Start of Material provided

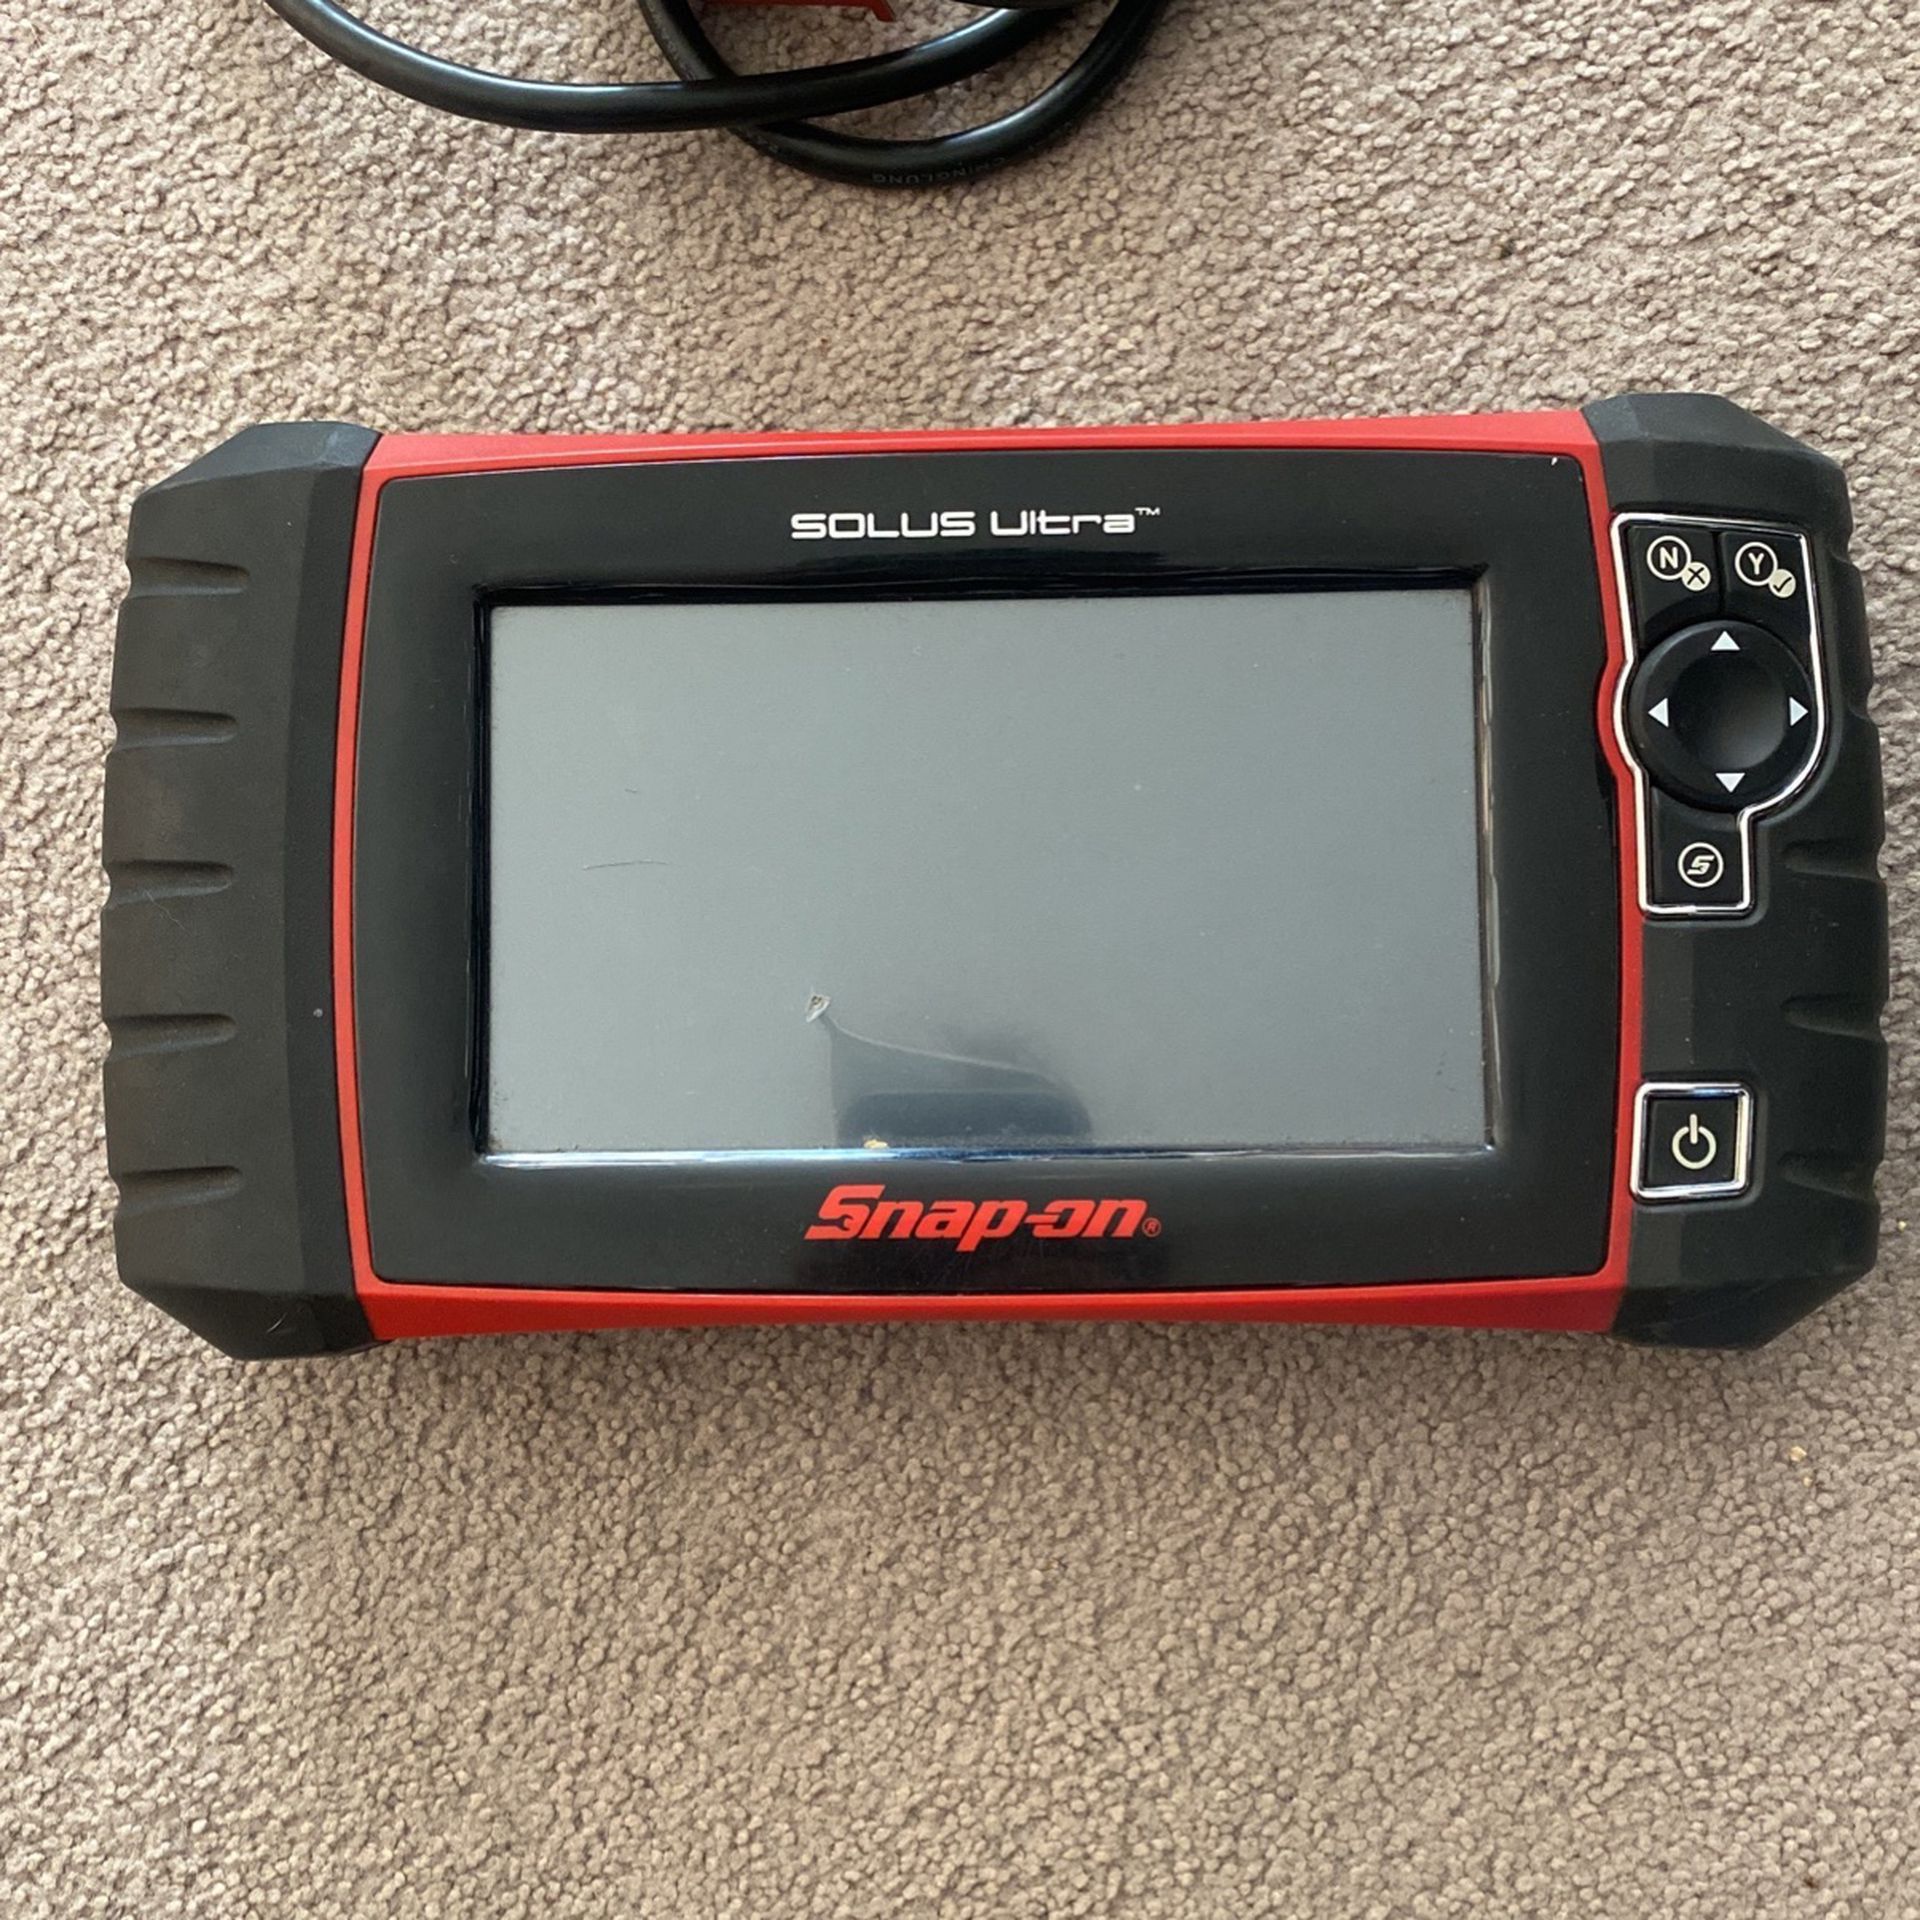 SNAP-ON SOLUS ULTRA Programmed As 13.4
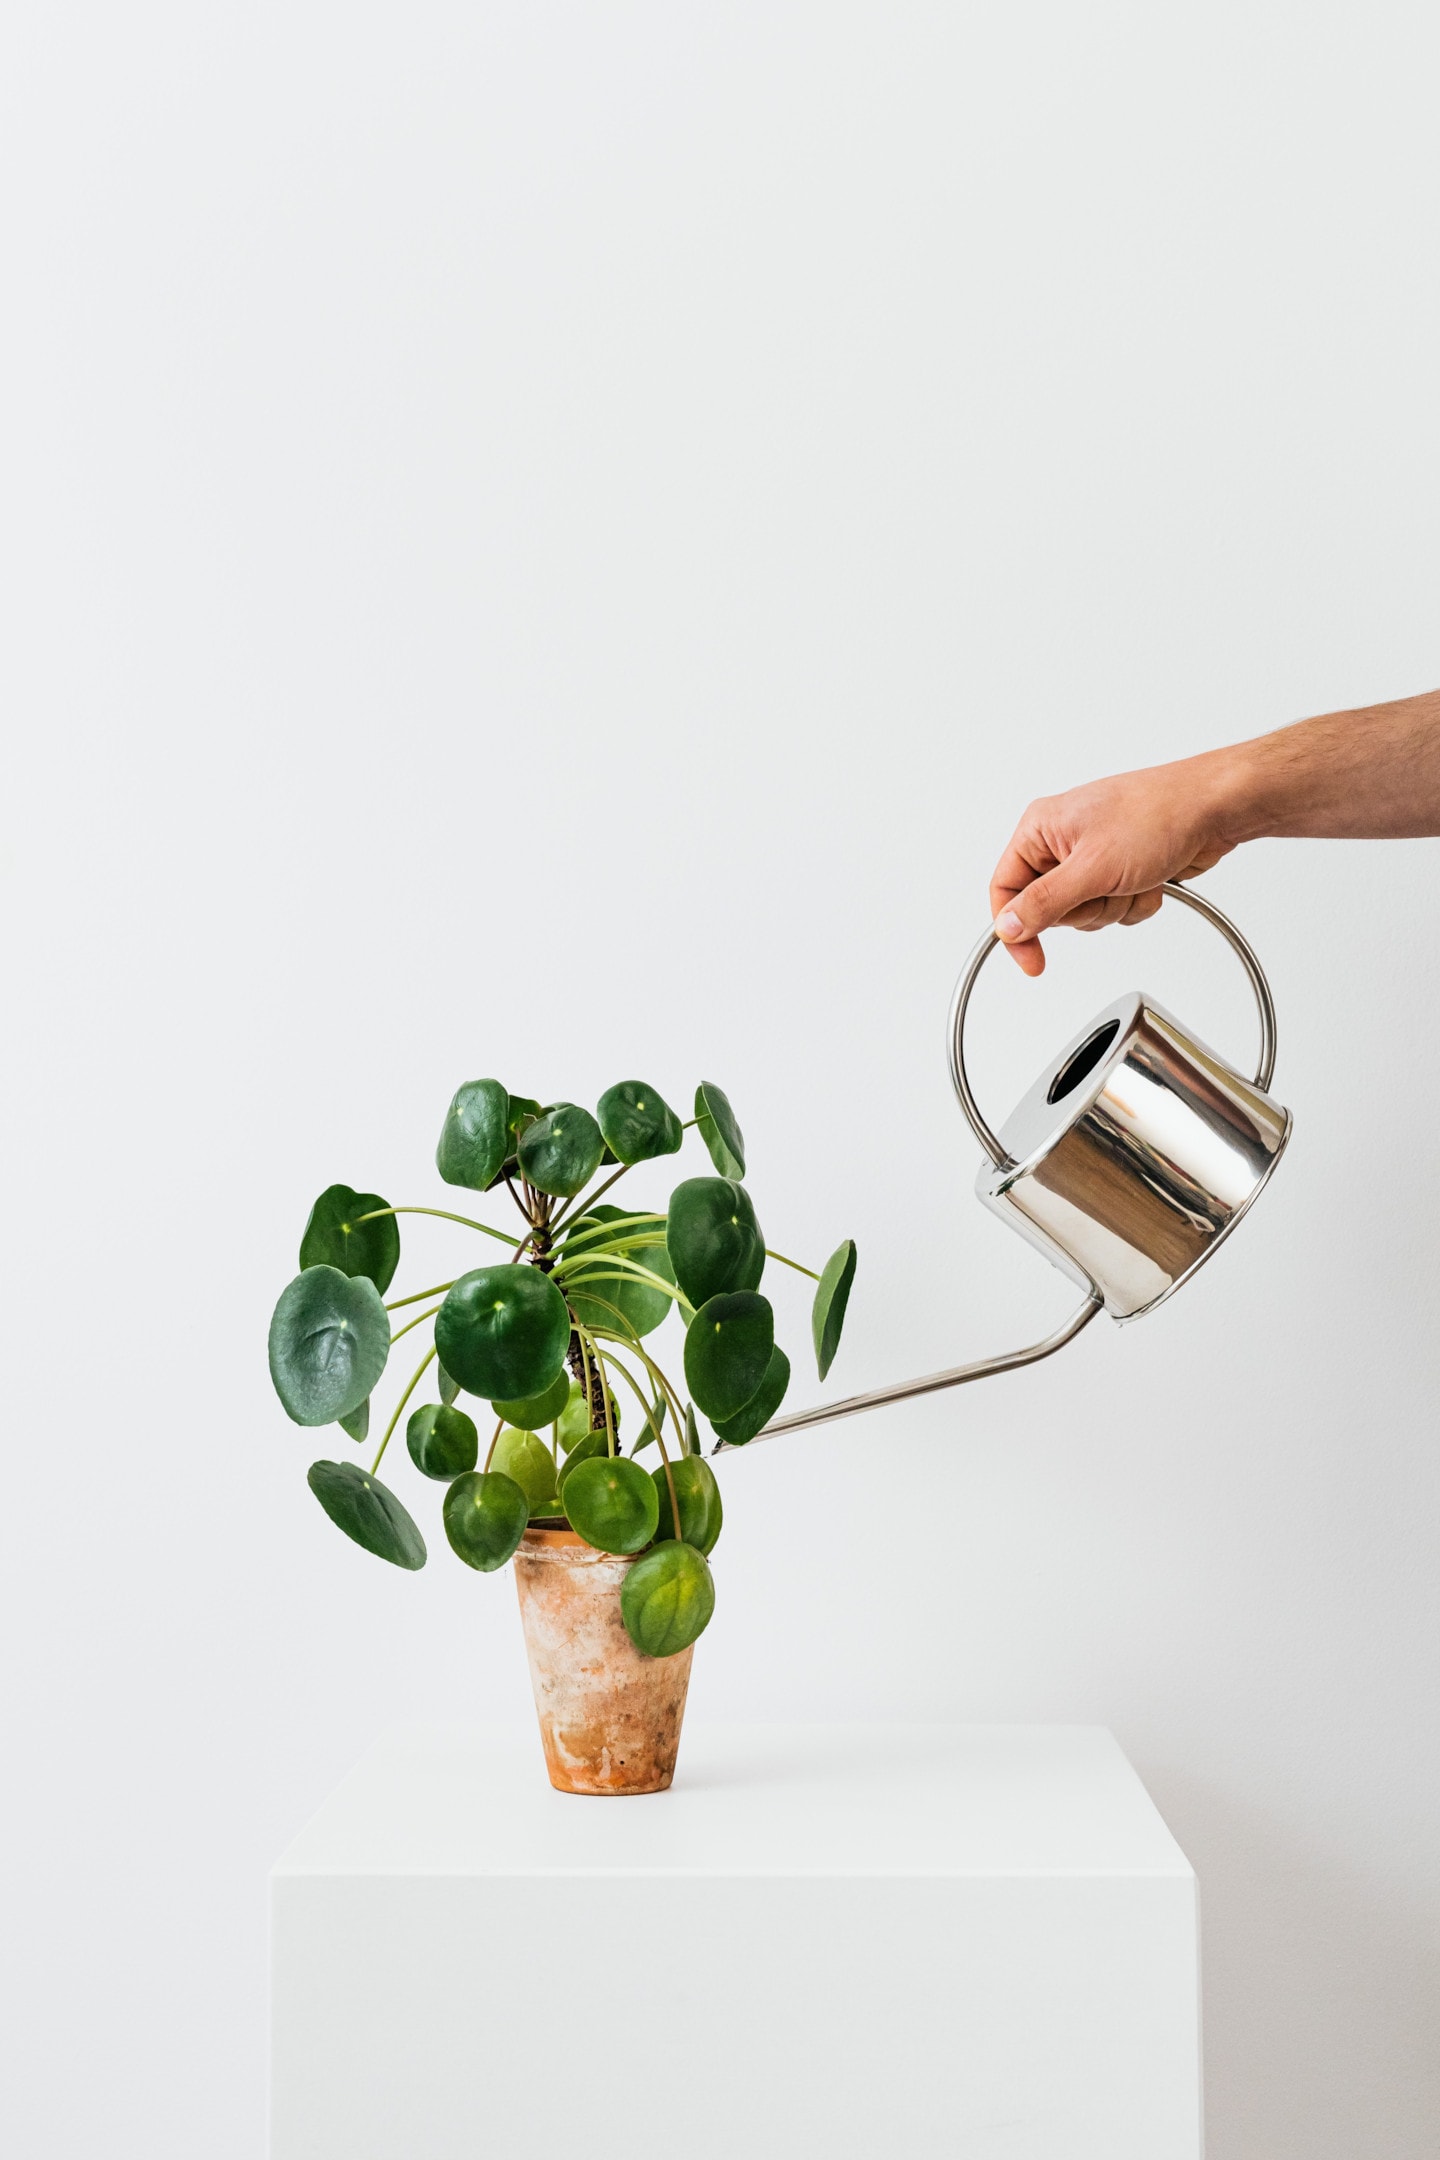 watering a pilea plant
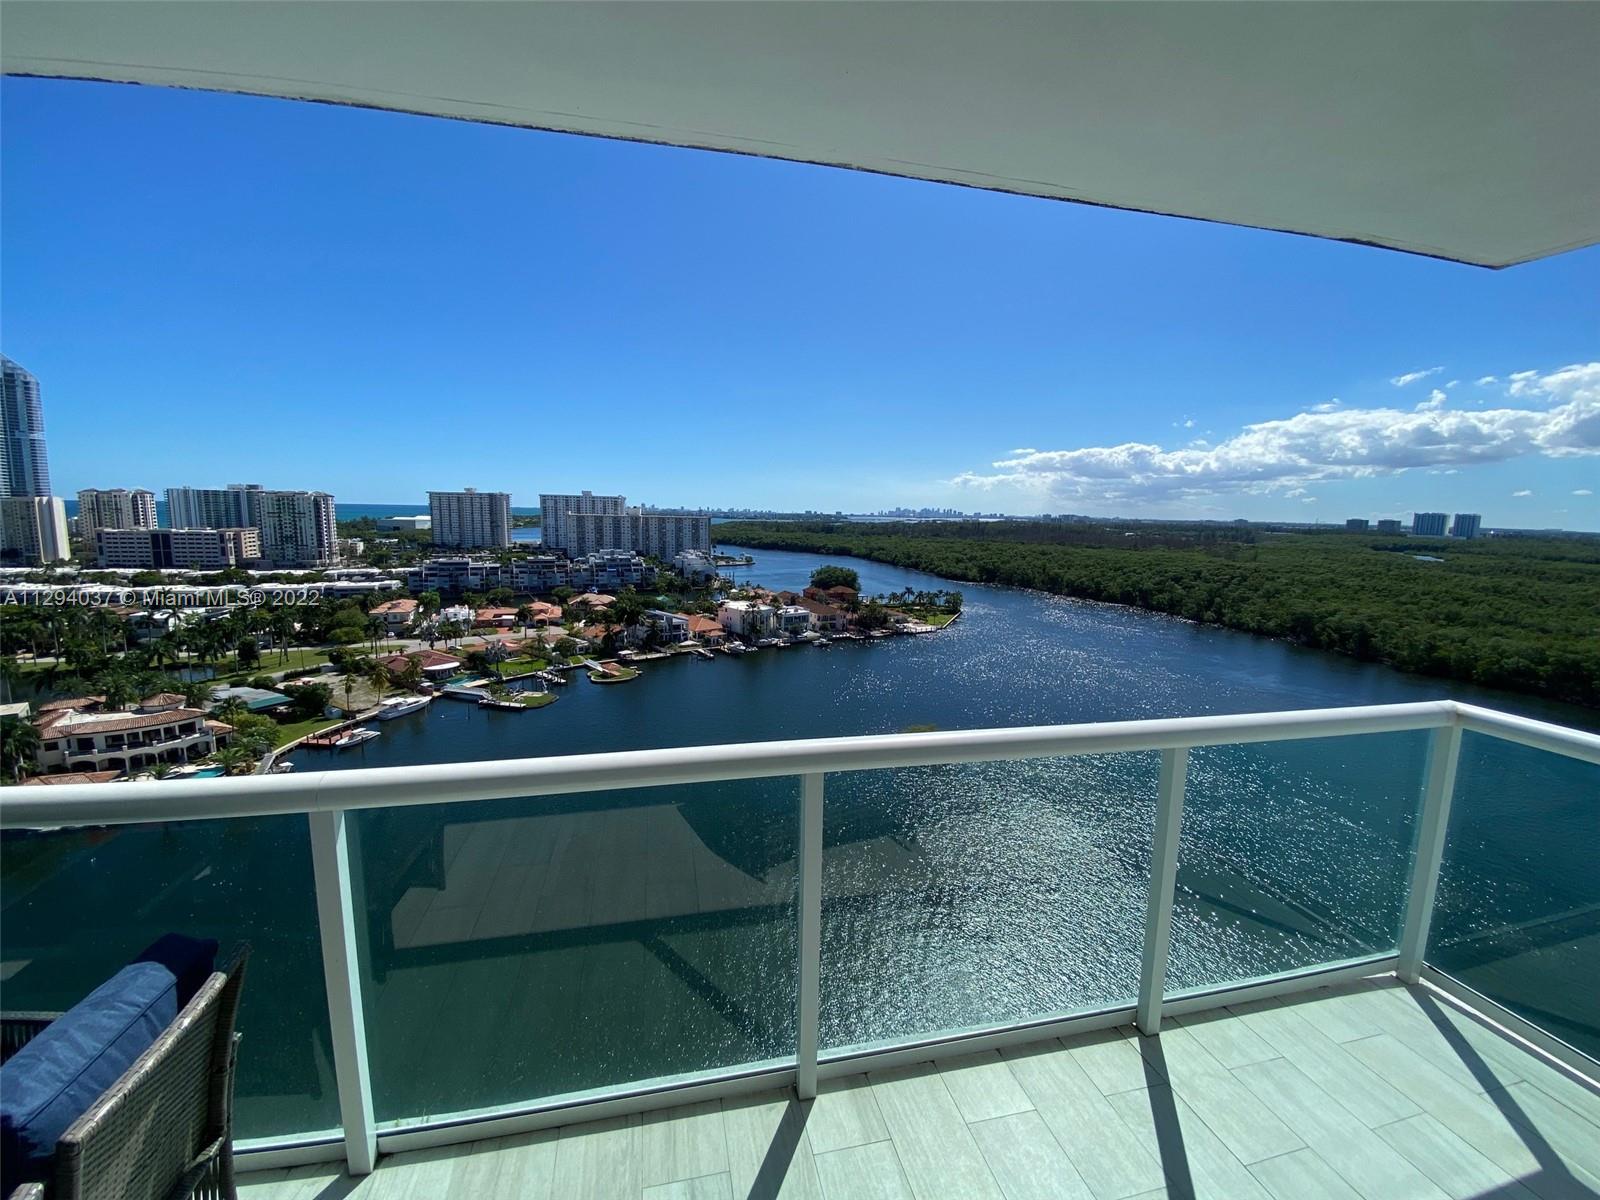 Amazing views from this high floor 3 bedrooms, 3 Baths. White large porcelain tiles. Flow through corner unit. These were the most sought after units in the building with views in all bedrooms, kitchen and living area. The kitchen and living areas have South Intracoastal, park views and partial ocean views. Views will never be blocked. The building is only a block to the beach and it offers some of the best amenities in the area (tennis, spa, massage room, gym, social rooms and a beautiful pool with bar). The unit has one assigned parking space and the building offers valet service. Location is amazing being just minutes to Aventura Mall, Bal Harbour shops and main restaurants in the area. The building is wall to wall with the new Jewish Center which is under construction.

End of Material provided

What you will do
An exact repeat of all the data is required, pictures excluded.

Written solution
 SNAP-ON SOLUS ULTRA Programmed As 13.4
 watering a pilea plant
 Amazing views from this high floor 3 bedrooms, 3 Baths. White large porcelain tiles. Flow through corner unit. These were the most sought after units in the building with views in all bedrooms, kitchen and living area. The kitchen and living areas have South Intracoastal, park views and partial ocean views. Views will never be blocked. The building is only a block to the beach and it offers some of the best amenities in the area (tennis, spa, massage room, gym, social rooms and a beautiful pool with bar). The unit has one assigned parking space and the building offers valet service. Location is amazing being just minutes to Aventura Mall, Bal Harbour shops and main restaurants in the area. The building is wall to wall with the new Jewish Center which is under construction.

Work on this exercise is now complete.